Interior secretary visits reservoirs hit by flows plan

Written By: Kevin Hecteman
Published: September 1, 2018

Amid a flood of concern regarding a state proposal to divert more water to the ocean, a Cabinet secretary visited two of the affected reservoirs and a Central Valley congressman offered a pair of amendments aimed at the diversions.

U.S. Interior Secretary Ryan Zinke visited Don Pedro Lake on the Tuolumne River and New Melones Reservoir on the Stanislaus River Friday, in the company of Reps. Jeff Denham, R-Turlock, and Tom McClintock, R-Elk Grove.

“Our goal here today is to show him not only the opportunities we have for more water storage for a growing state, but to also show him the devastation that can happen if you push all of our water out to the ocean,” Denham said.

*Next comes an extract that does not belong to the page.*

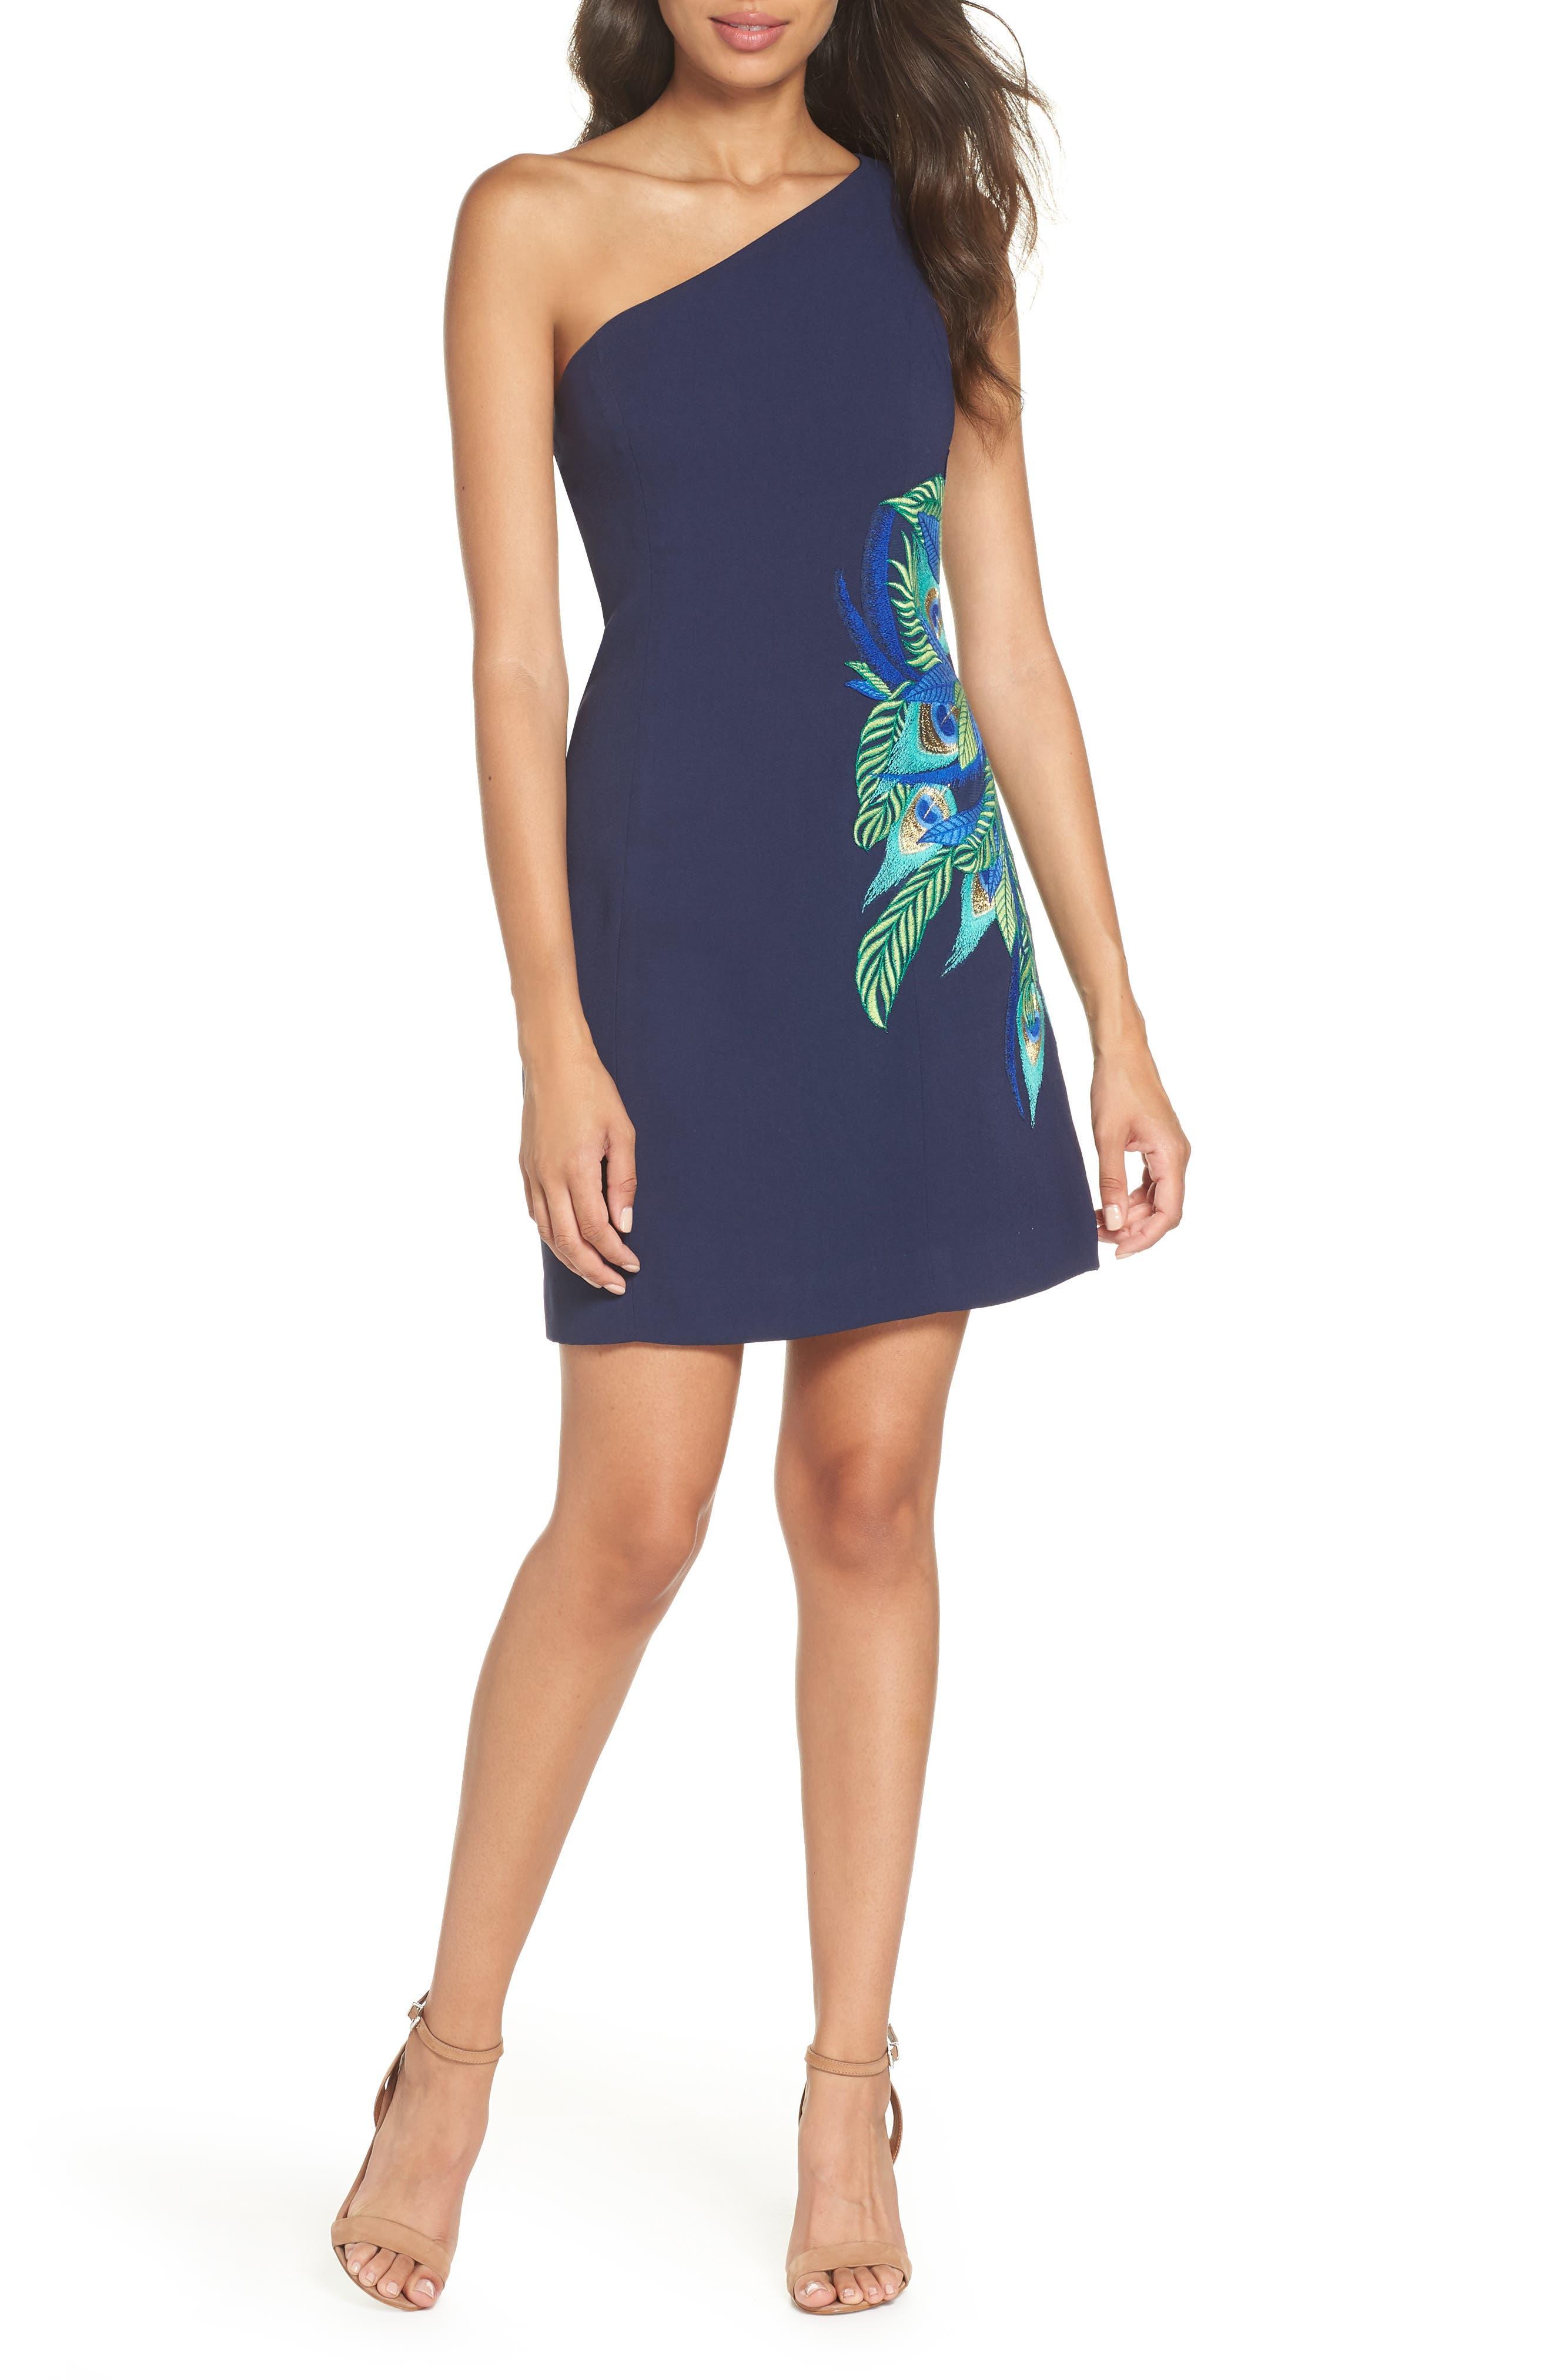 Lily Pulitzer<sup>®</sup> Jamie One-Shoulder Dress,                             Main thumbnail 1, color,                             TRUE NAVY

Zinke said he appreciated the opportunity to visit.

“You don’t get the same message in D.C. as you do when you go out in the field,” Zinke said. “It’s incredibly important to actually talk to the districts—meet the water districts face to face.”

Zinke said he sees the federal government’s job as restoring trust and being a partner in finding a solution.

“When government bureaus can’t agree, then it’s really difficult for a water district to get a solution,” he said. “We as a government have got to begin these (National Environmental Policy Act) processes together.”

Zinke said he’s looking at reorganizing the department he leads and working to streamline the permitting process, with the objective of “better outcomes in a shorter period of time.”

“The federal interest, as the watermaster, is to work with communities, go out and talk to the water districts,” he said, “to make sure we’re prioritizing the agriculture side of it, the health of the systems. Clearly, in this case, it’s been languishing for a long time.”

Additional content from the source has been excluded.